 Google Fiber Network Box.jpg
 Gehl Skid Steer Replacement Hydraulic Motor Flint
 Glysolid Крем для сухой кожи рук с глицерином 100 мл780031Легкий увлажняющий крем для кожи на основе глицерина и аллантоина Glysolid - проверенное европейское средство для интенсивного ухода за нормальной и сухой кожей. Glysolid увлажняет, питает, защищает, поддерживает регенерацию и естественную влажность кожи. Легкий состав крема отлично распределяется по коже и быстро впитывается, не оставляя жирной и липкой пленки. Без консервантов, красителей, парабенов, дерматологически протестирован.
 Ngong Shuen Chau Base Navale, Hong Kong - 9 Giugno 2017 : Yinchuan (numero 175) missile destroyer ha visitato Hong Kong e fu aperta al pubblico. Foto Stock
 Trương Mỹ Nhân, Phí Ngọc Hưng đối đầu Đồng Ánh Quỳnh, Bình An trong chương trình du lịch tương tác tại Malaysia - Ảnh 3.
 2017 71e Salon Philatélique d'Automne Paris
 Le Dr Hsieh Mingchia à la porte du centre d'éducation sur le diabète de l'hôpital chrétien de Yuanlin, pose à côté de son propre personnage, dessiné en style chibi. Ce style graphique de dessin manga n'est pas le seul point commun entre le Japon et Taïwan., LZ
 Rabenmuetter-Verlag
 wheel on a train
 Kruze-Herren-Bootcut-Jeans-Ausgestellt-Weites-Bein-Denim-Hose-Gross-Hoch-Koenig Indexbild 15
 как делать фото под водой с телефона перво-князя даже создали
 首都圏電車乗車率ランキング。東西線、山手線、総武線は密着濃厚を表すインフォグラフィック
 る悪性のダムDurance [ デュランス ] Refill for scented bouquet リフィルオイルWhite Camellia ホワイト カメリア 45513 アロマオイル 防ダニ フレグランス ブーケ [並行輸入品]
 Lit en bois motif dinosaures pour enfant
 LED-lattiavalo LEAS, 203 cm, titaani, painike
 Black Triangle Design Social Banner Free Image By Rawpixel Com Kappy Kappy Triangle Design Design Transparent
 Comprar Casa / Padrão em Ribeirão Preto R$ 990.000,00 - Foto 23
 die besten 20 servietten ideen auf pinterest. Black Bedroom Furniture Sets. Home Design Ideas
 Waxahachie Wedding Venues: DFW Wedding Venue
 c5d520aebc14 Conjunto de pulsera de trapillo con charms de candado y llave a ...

———

- _ACTIVITY_: In the entries above, find each line with "Design" and list it.

- _TASK RESPONSE_:
 Black Triangle Design Social Banner Free Image By Rawpixel Com Kappy Kappy Triangle Design Design Transparent
 die besten 20 servietten ideen auf pinterest. Black Bedroom Furniture Sets. Home Design Ideas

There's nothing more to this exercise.